PROBLEM TO WORK ON:
Reproduce every line of the material below, but drop the pictures.

DATA PROVIDED:
========================
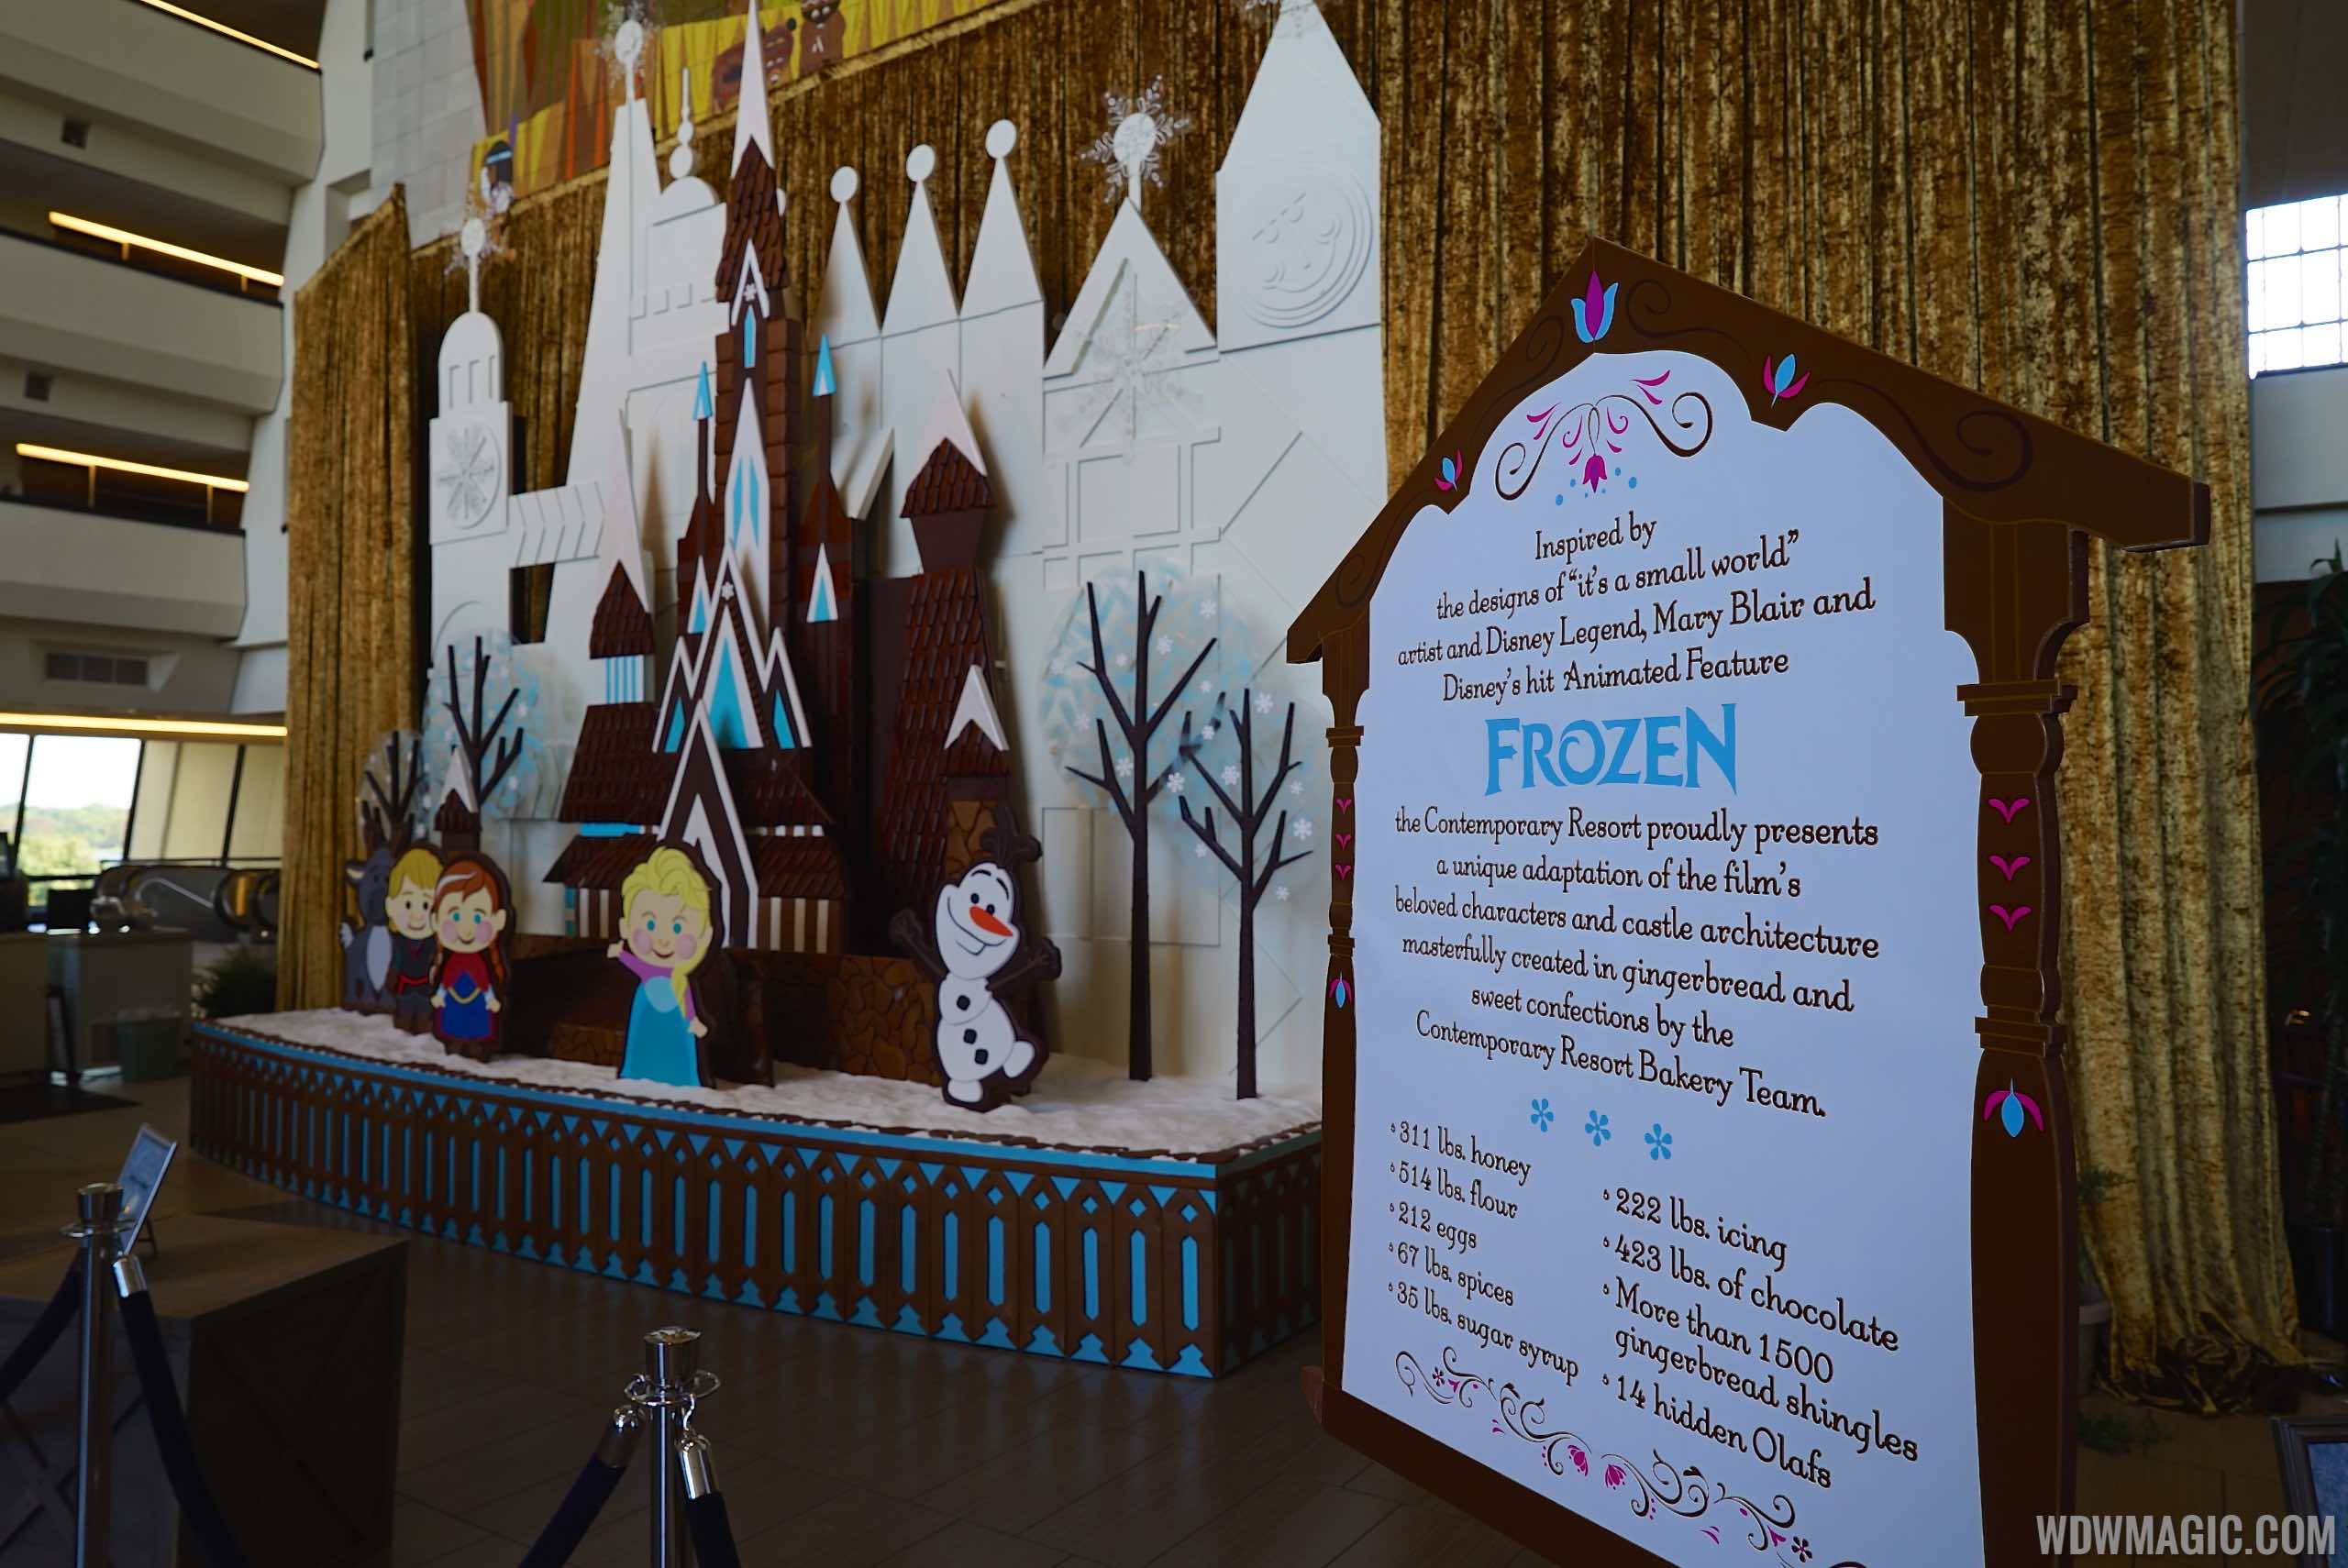 The Frozen Gingerbread display
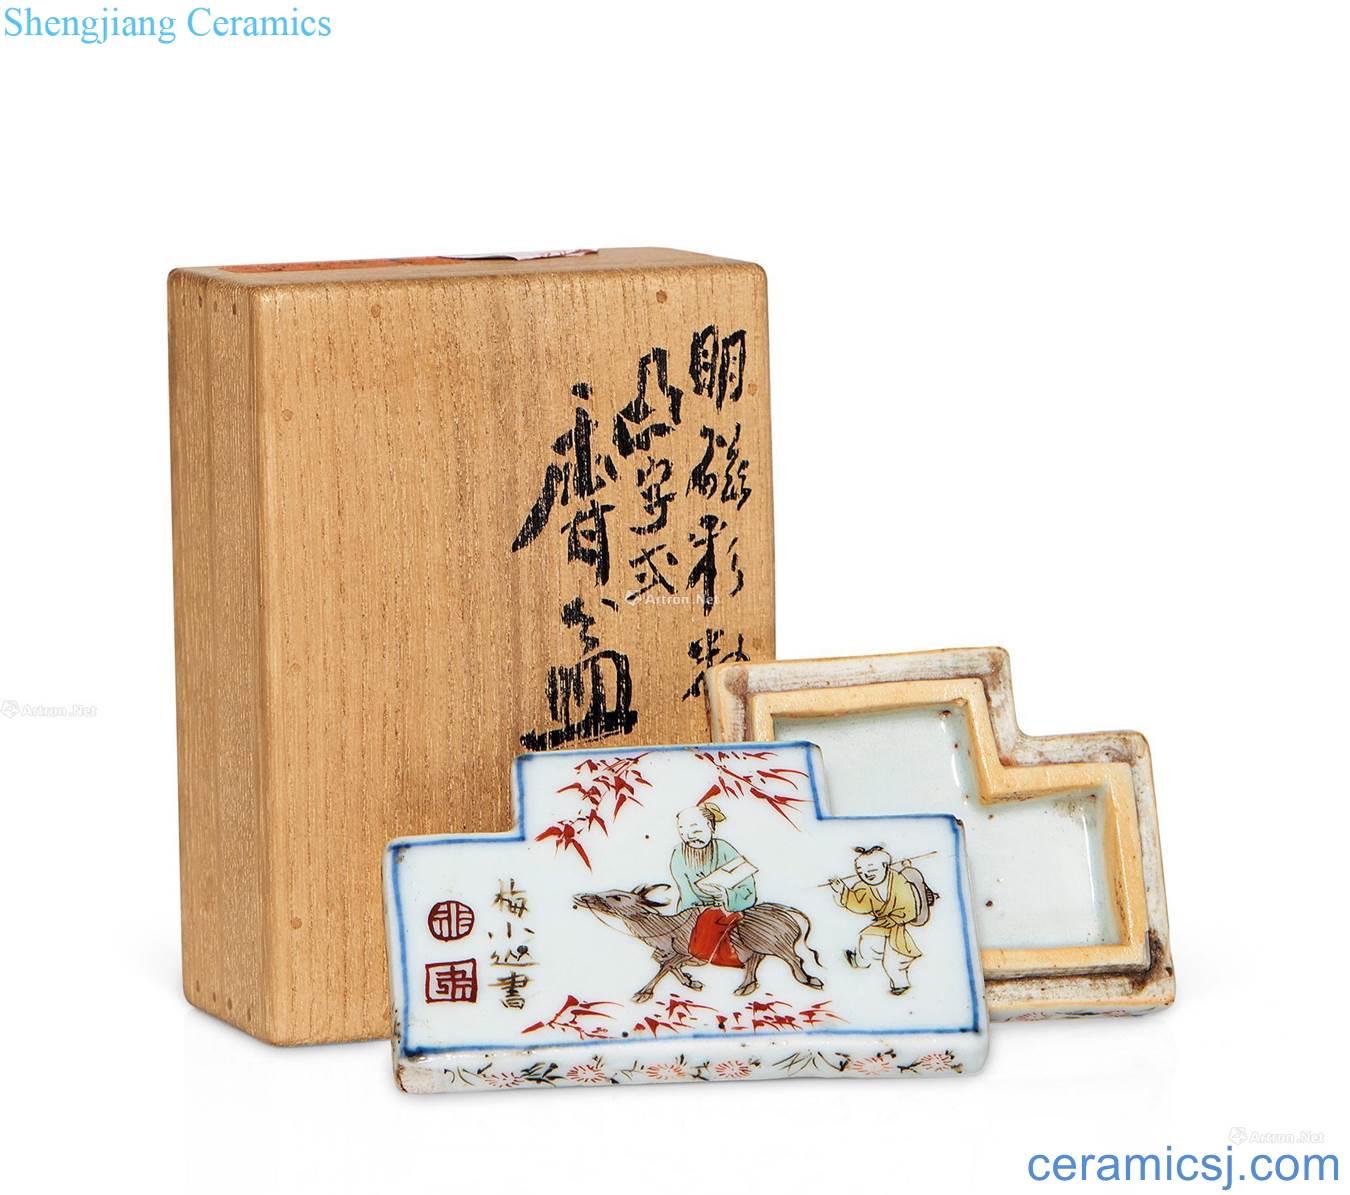 The late Ming dynasty Lao tze through convex type fragrance box
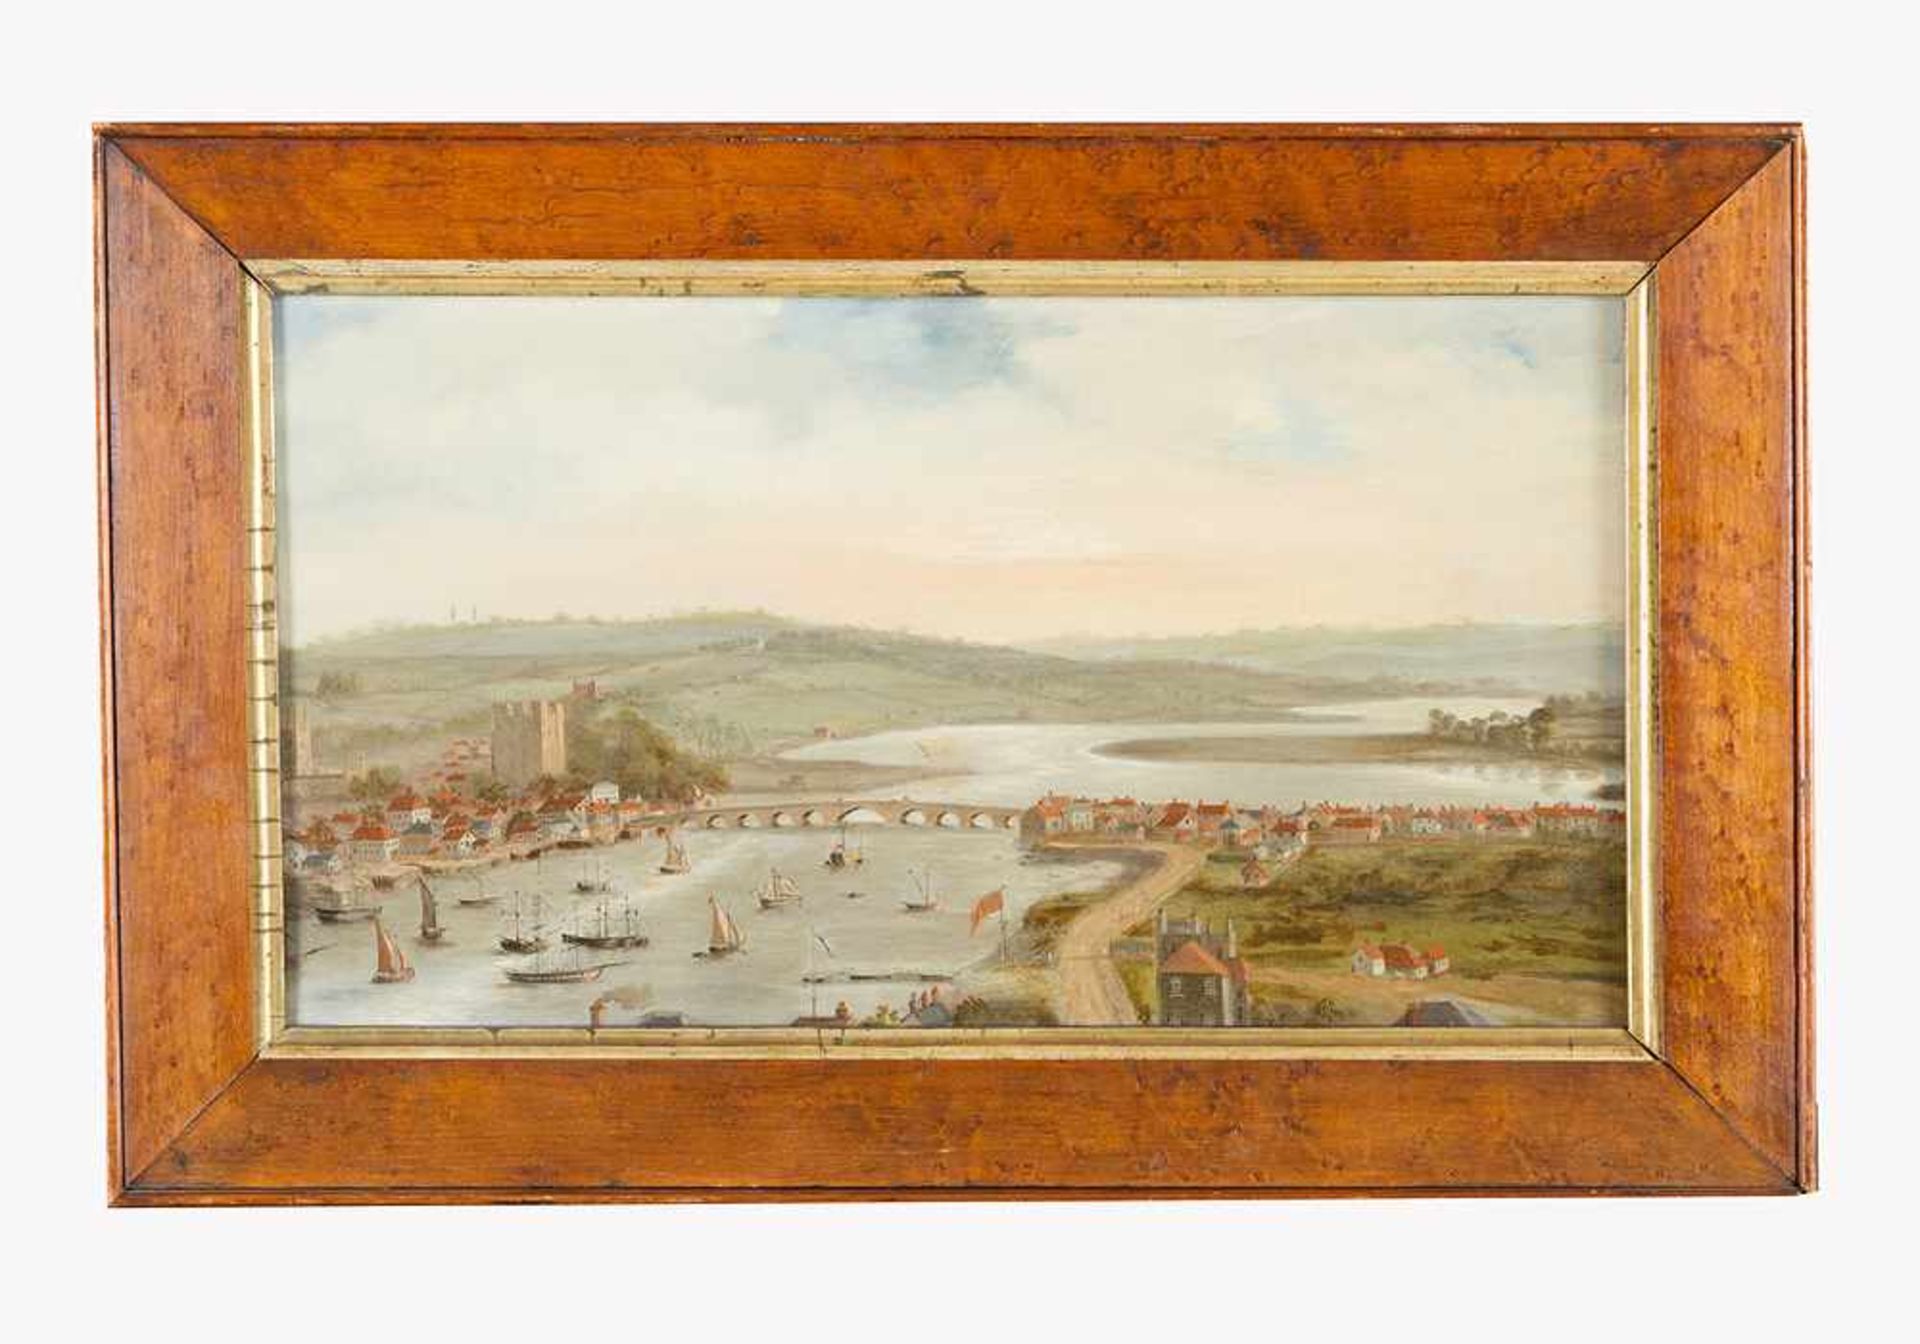 Samuel Scott (1702 – 1772)-attributed, View of the Themse with ships, a bridge and houses; oil on
========================
TASK OUTPUT:
 The Frozen Gingerbread display
 The late Ming dynasty Lao tze through convex type fragrance box
 Samuel Scott (1702 – 1772)-attributed, View of the Themse with ships, a bridge and houses; oil on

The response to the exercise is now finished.